Nuestra tradición nos hace conscientes de que no solo hubo consecuencias inmediatas para Séfora, Gershom y Eliezer en nuestra historia. También hubo consecuencias a largo plazo para Moisés. Cuando ignoramos a nuestras familias, no son las únicas heridas. También nos lastimamos a nosotros mismos. Nuestros rabinos hacen este punto al sacar a Moisés de la historia, sin darle crédito en la Hagadá de Pascua por su liderazgo. 

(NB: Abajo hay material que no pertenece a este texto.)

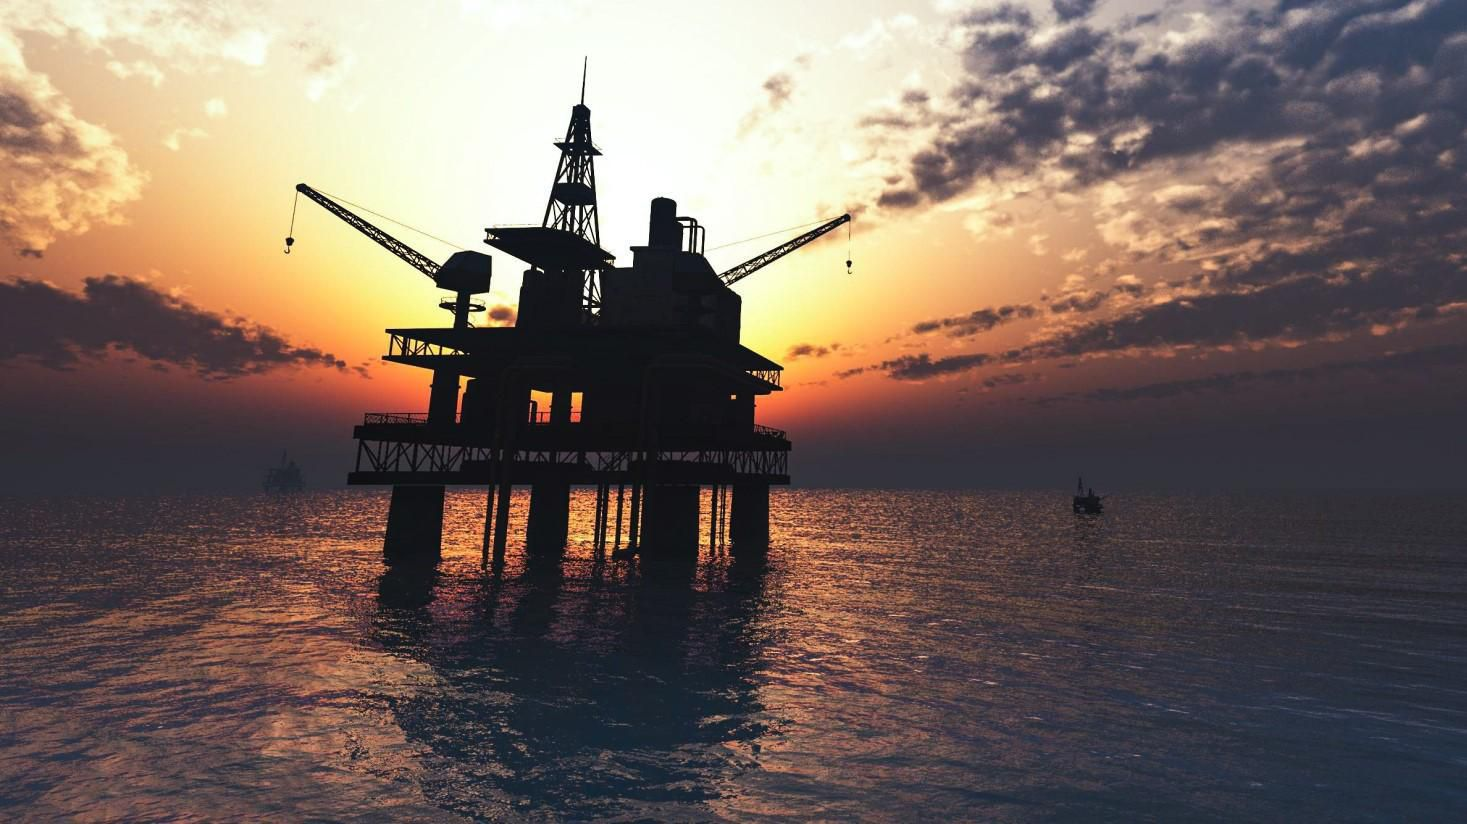 Kinh tế thế giới ra sao nếu giá dầu lên 100 USD/thùng? Ảnh 1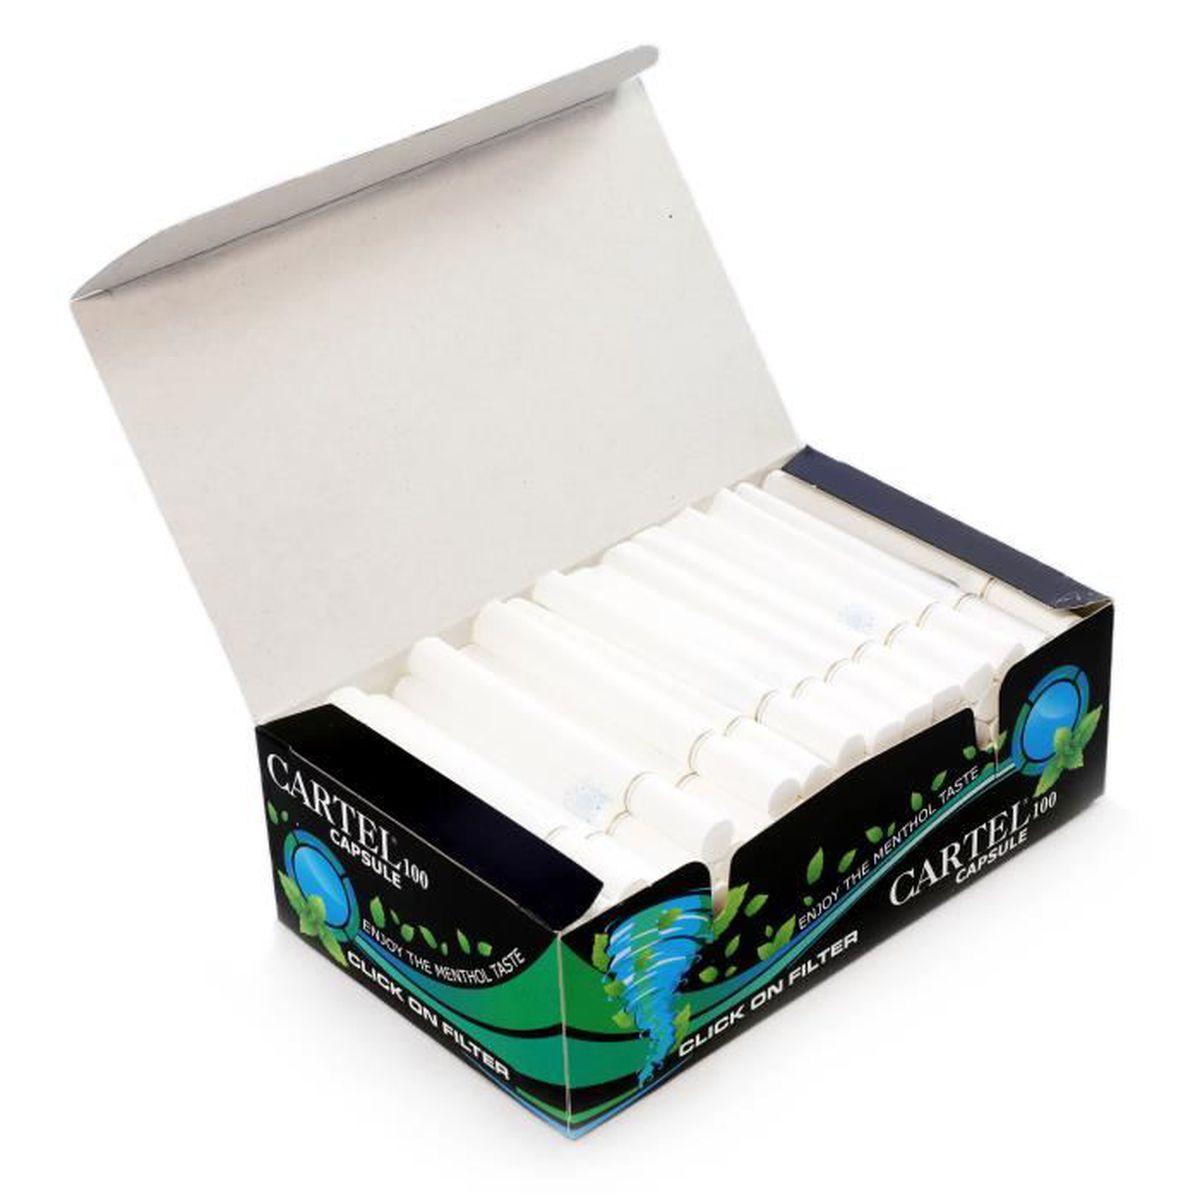 TUBE À CIGARETTE Cartel Capsule 100 tubes à cigarettes filtrés au m

La vida familiar de Moisés es un desafío para cada uno de nosotros. ¿Podemos salvar la tensión entre nuestras familias y nuestro trabajo? Imagínese cuánto más completo habría sido Moisés como líder si hubiera podido incorporar a su comprensión de la sociedad israelita la emoción, el miedo, la timidez y el amor que sentían su esposa e hijos. Imagínese si Moisés se hubiera abierto personalmente y hubiera compartido sus sueños con ellos, dejándolos entrar en su vida espiritual y emocional. ¿No se habrían sentido todos más satisfechos? ¿No habría sido recordado y sostenido aún más su legado? 

Que cada uno de nosotros aprenda a apreciar y aceptar la importancia de nuestra familia, incluso cuando comprometemos nuestras pasiones por nuestro trabajo y nuestro liderazgo. ¡Que así sea la voluntad de Dios y la nuestra!